Pandemic Reveals Huge Problems in Western Governance

Although it was recently the Christmas and New Year holidays, Westerners did not seem to experience the strong, joyous atmosphere that comes with gathering together. The Delta variant’s spread still posed a threat and was followed closely by the Omicron variant. Under the repeated impact of waves during the COVID-19 pandemic, advanced Western nations that profess to have comprehensive health care and social protection systems have all displayed serious problems, whether in the early pandemic prevention measures or later in critical care policies.

This week, Western countries have set record numbers of new cases in a single day. On Dec. 25, French data indicated that the country exceed 100,000 new infections for the first time. On Christmas Eve, Great Britain reported a record 120,000 daily new confirmed cases. The situation in Germany, Italy, Spain, the Netherlands and Belgium is increasingly severe. On Dec. 28, by 11 a.m. Taiwan time, the U.S. had exceeded an astonishing 410,000 new cases over the previous 24 hours. Many people believe that the U.S. is currently facing a crucial moment in the virus’ spread.

Under the impact of this new Omicron wave, countries that had previous planned to rely solely on creating a barrier of immunity by increasing vaccination rates and opening up everything clearly cannot do it. Since the pandemic erupted, the economies of advanced nations such as the U.S. and those in Europe have suffered severely. Over the past two years of the pandemic, governments in each country have repeatedly faced a dilemma: Those that want to prioritize controlling the pandemic must restrict the movement of people, stop work and manufacturing and even seal off the country, which has ignited societal dissatisfaction and turmoil. Those that want to prioritize economic recovery must relax pandemic control measures and social mobility, which has similarly caused the virus to spread. Thus, when a new wave of the pandemic hits, protests reach a high point on the streets in countries all over the world — which, objectively, accelerates the spread of COVID-19 as well. All of this has exposed the symptoms of excessive democratic freedom in the Western world.

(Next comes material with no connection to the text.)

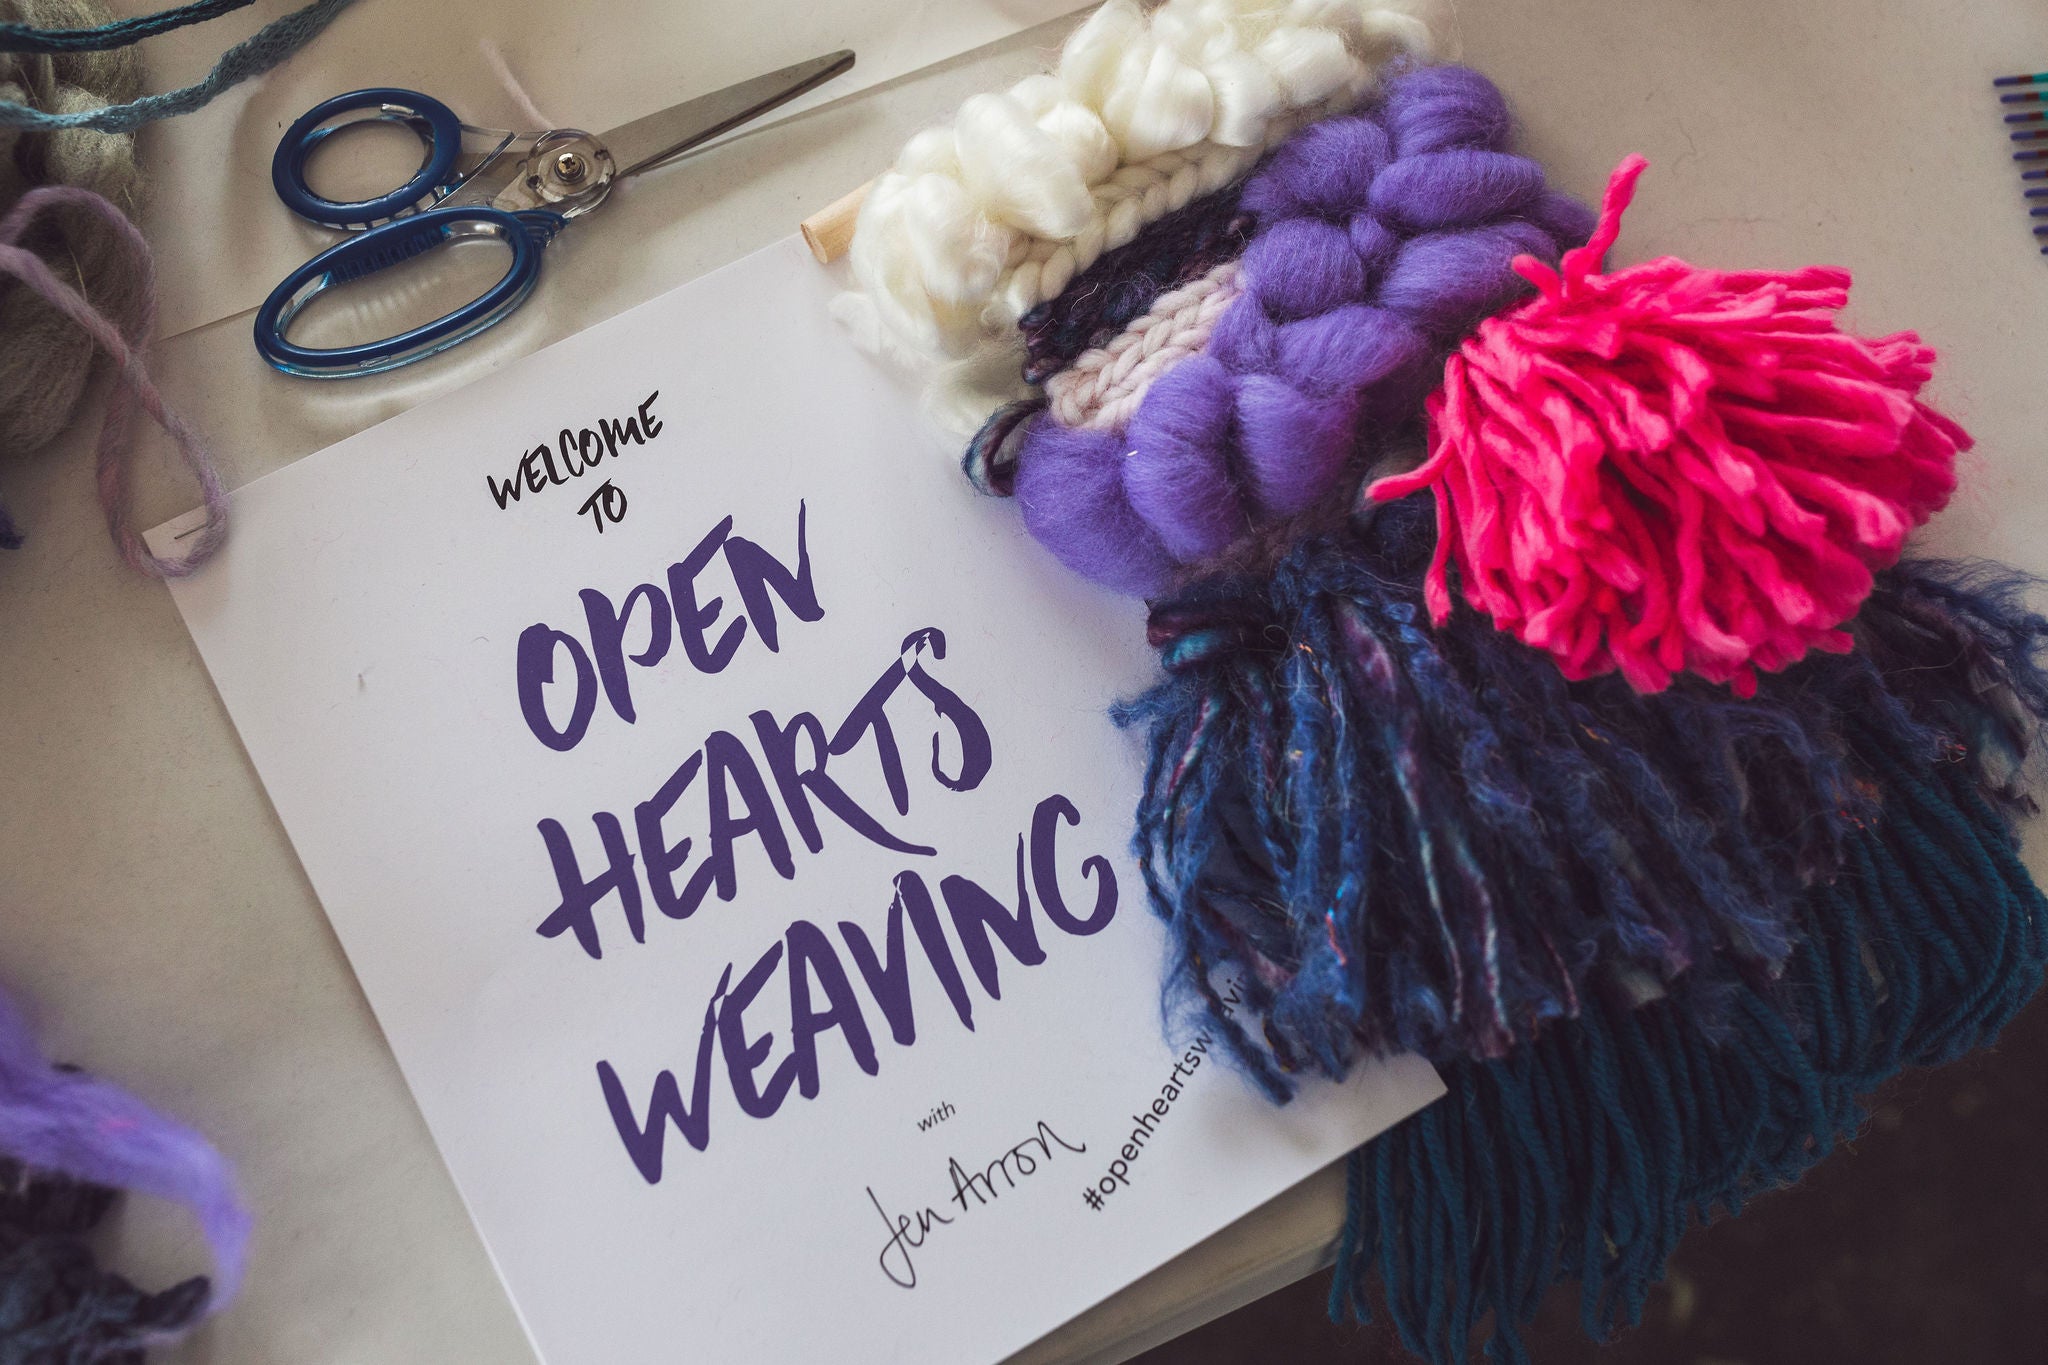 Open Hearts Weaving Workshop with @jenarron.studio

The U.S. was the hardest hit in the previous waves of the pandemic. The devastation caused by the current wave, however, has hit Europe even harder than it has the U.S. As the U.S. has been buffeted by repeated waves, the proportion of vaccinated people has increased, and the pandemic situation seems unlikely to become even worse. Conversely, European countries have a considerable number of people who have long opposed vaccination, and government appeals can only go so far. This has caused overall vaccinations to lag. With the addition of the speed with which Omicron spreads, the resulting pandemic situation has turned Europe into the hardest-hit area. The current pace of economic recovery in Europe cannot catch up with that of the U.S. — just one more hardship added to an already terrible situation. In addition, European expenses for social welfare systems, as well as pandemic prevention and critical care expenditures, are very great. The governments of European countries are having a difficult time effectively deciding between economic revitalization and pandemic prevention. Supposing the pandemic continues next year, economies and societies in Europe will undoubtedly experience an even bigger crisis.

Under the impact of the pandemic, the weaknesses of European and American governance have been laid bare. The small government/big society advocated for in Western neo-liberalism, as well as the excessive democracy and difficulty in deciding policies, has made European and American governments weak and ineffective when responding to the COVID-19 pandemic. By contrast, the collectivistic principles and efficient policy decision-making widely pursued by East Asian countries has enabled them to effectively manage the crisis and reduce the amount of damage as the pandemic has spread.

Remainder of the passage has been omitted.